Author | : Malka Margalit |
Publisher | : Springer Science & Business Media |
Total Pages | : 309 |
Release | : 2010-06-25 |
Genre | : Psychology |
ISBN | : 1441962840 |
From texting and social networking sites to after-school activities, young people have many opportunities to interact with one another, and yet loneliness and isolation trouble today’s youth in increasing numbers. Many children and teens report feeling lonely even in the midst of family and friends, and childhood loneliness is a prime risk factor for adult alienation. Lonely Children and Adolescents: Self-Perceptions, Social Exclusion, and Hope illuminates seldom-explored experiences of social isolation among young people as well as the frustrations of the parents and teachers who wish to help. This groundbreaking book conceptualizes loneliness not simply as the absence of social connections, but as a continuum of developmental experience, often growing out of the conflict between opposite needs: to be like one’s peers yet be one’s unique self. The author draws clear distinctions between loneliness and solitude and identifies genetic and environmental characteristics (i.e., social, psychological, familial, and educational) that can be reinforced to help children become more resilient and less isolated. In addition, therapeutic approaches are described that challenge loneliness by encouraging empowerment, resilience, and hope, from proven strategies to promising tech-based interventions.
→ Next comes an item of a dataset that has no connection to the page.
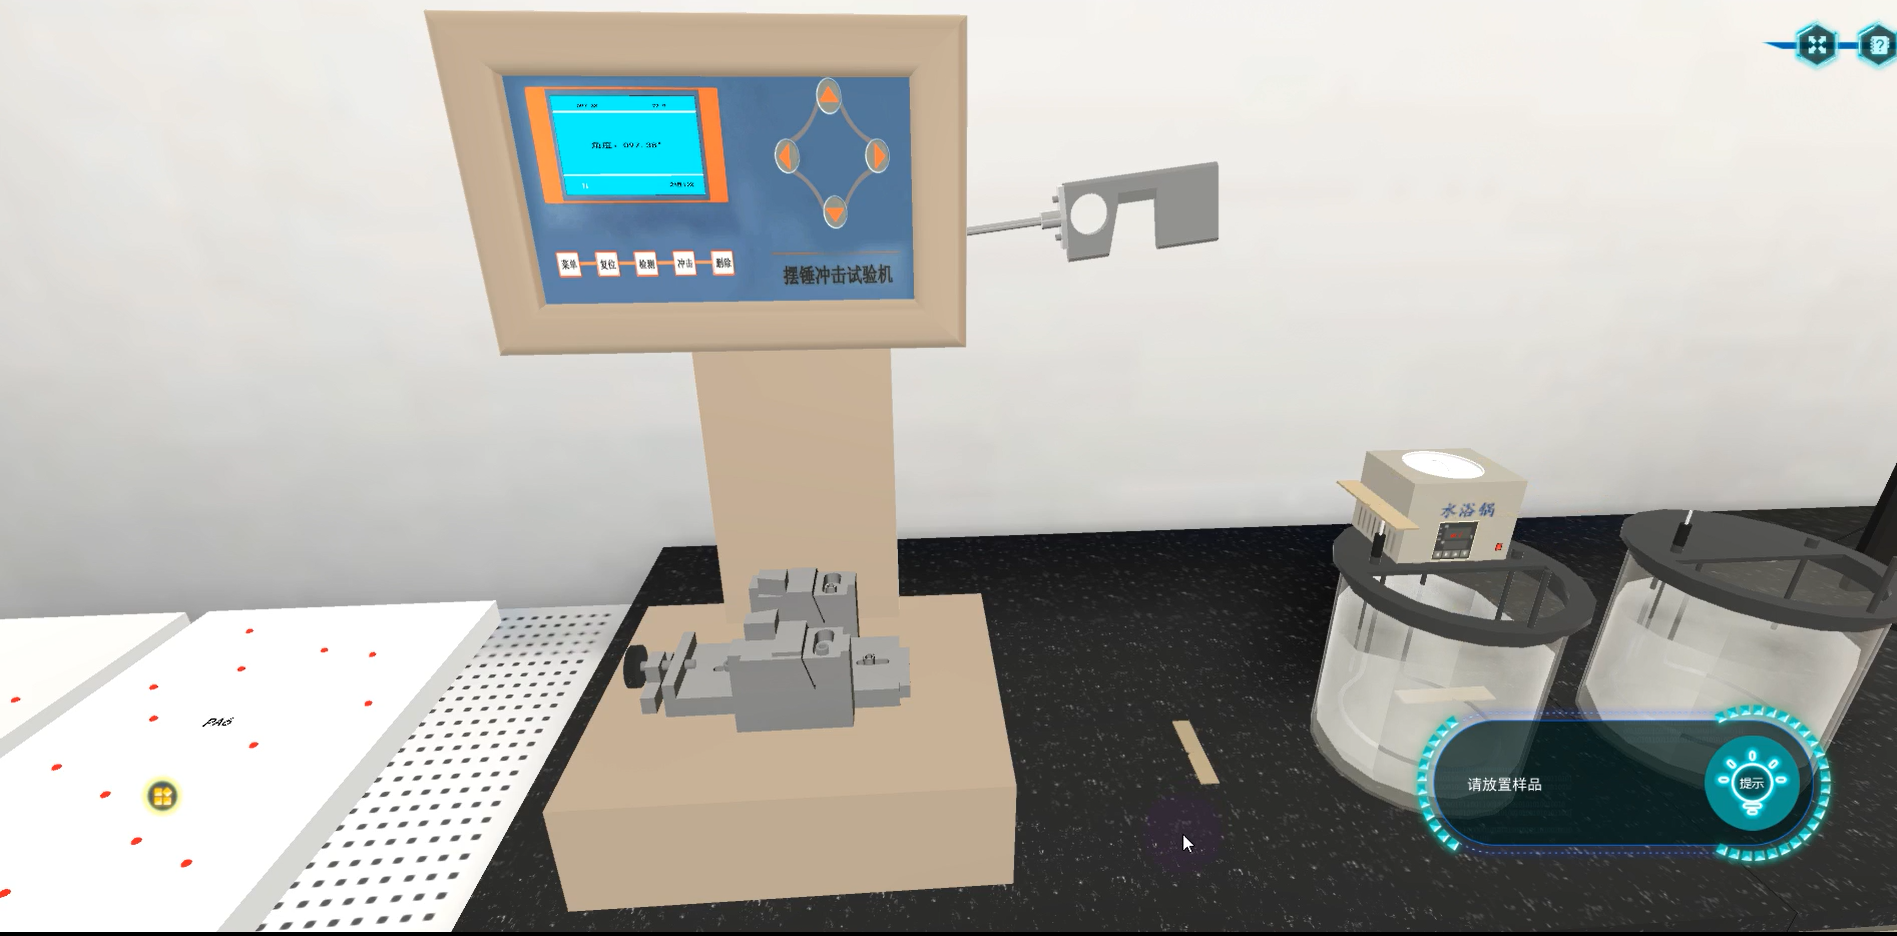 聚合物邵氏硬度、冲击和熔体流动速率测试虚拟仿真实验

Highlights include: • Developmental perspectives on loneliness. • Schools and the role of teachers, from preschool to high school. • Peer relations (e.g., cliques, bullies, exclusion, and popularity). • Lonely children, lonely parents: models of coping. • Loneliness in the virtual world. • Prevention and intervention strategies at home, at school, in therapy. Asking its readers to rethink many of their assumptions about social competence and isolation, this volume is essential reading for researchers and professionals in clinical child, school, developmental, and educational psychology; allied education disciplines; social work; and social and personality psychology.